Lunchtime rolled around and the children all went to lunch. I had survived another morning. All I had to do, was make it through the afternoon without him until home time. Expecting his Mum to be waiting for him after lunch, I got him ready. He sounded confused so I said I would check and see if he was staying the afternoon. We found out that mum was supposed to collect him, but she thought he was staying at school all day. For a change, I was almost happy for him to stay the afternoon, almost, but decided to stick to his new routine, as he might begin to flounder and then all hell could break loose. Whilst Mum was on her way, he completed another topic activity without a 1:1. He cut out his timeline tiles and ordered them with the class. He had just stuck his last tile down and was showing the other children what he noticed about the dates in the timeline, when the classroom phone rang to say his mum was here.

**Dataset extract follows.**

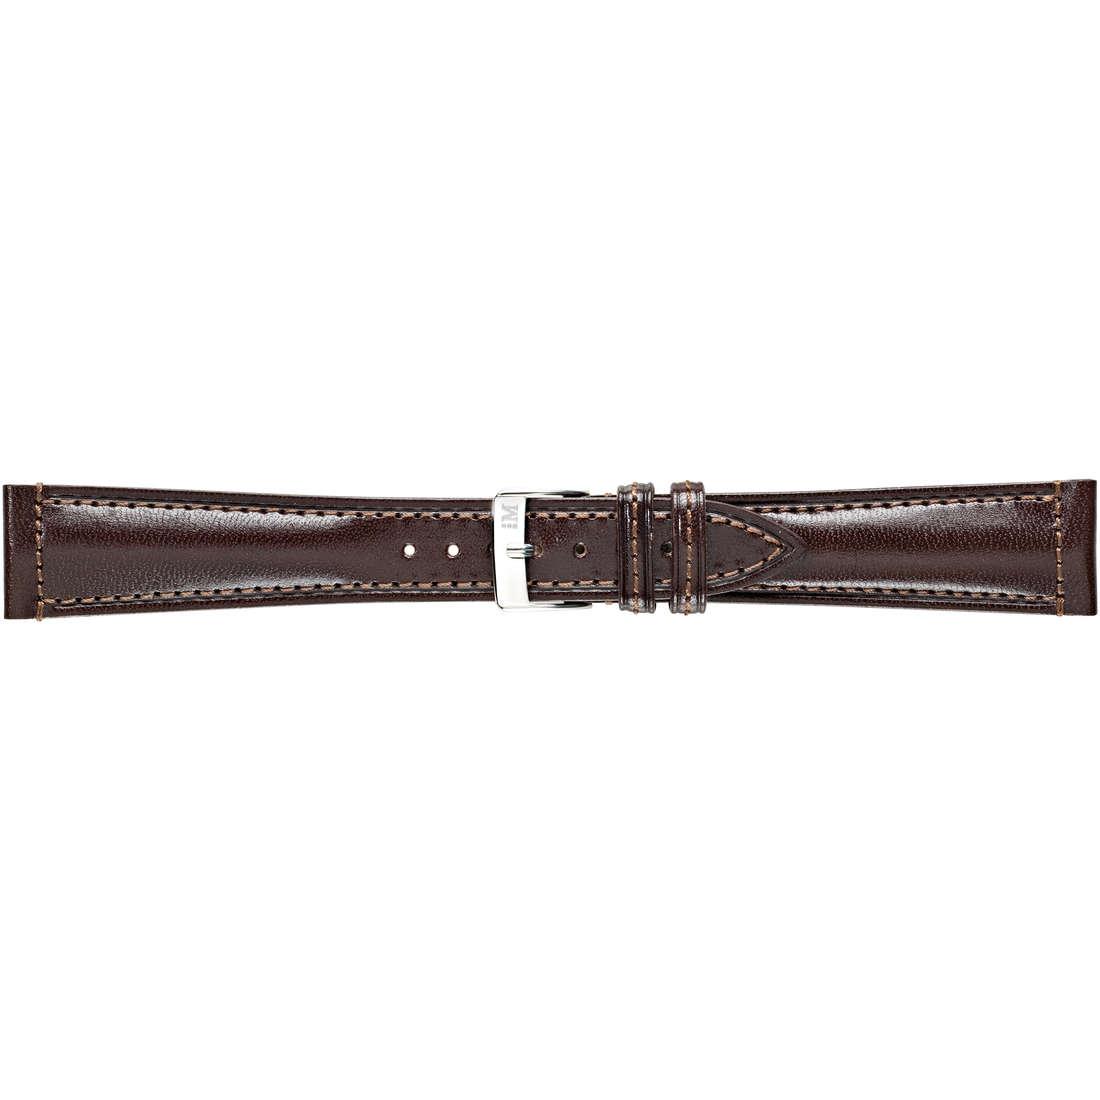 watch watch bands watch straps man Morellato Manufatti A01U0895403032CR16

I told him to get his coat so he could go home but he insisted on putting his scrap paper in the bin first… !?!

I managed to catch him right before he flew out the door. “Can we have this new you next week please?” I asked. “I’ll see if I can still find him.” He replied. God I blooming hope he does stick around. It would make my first working (teaching) birthday in my entire 6-7 year career go a lot smoother, if the new lordship does come back next week. 

Wish me luck…I’m going to need as much of it as I can get.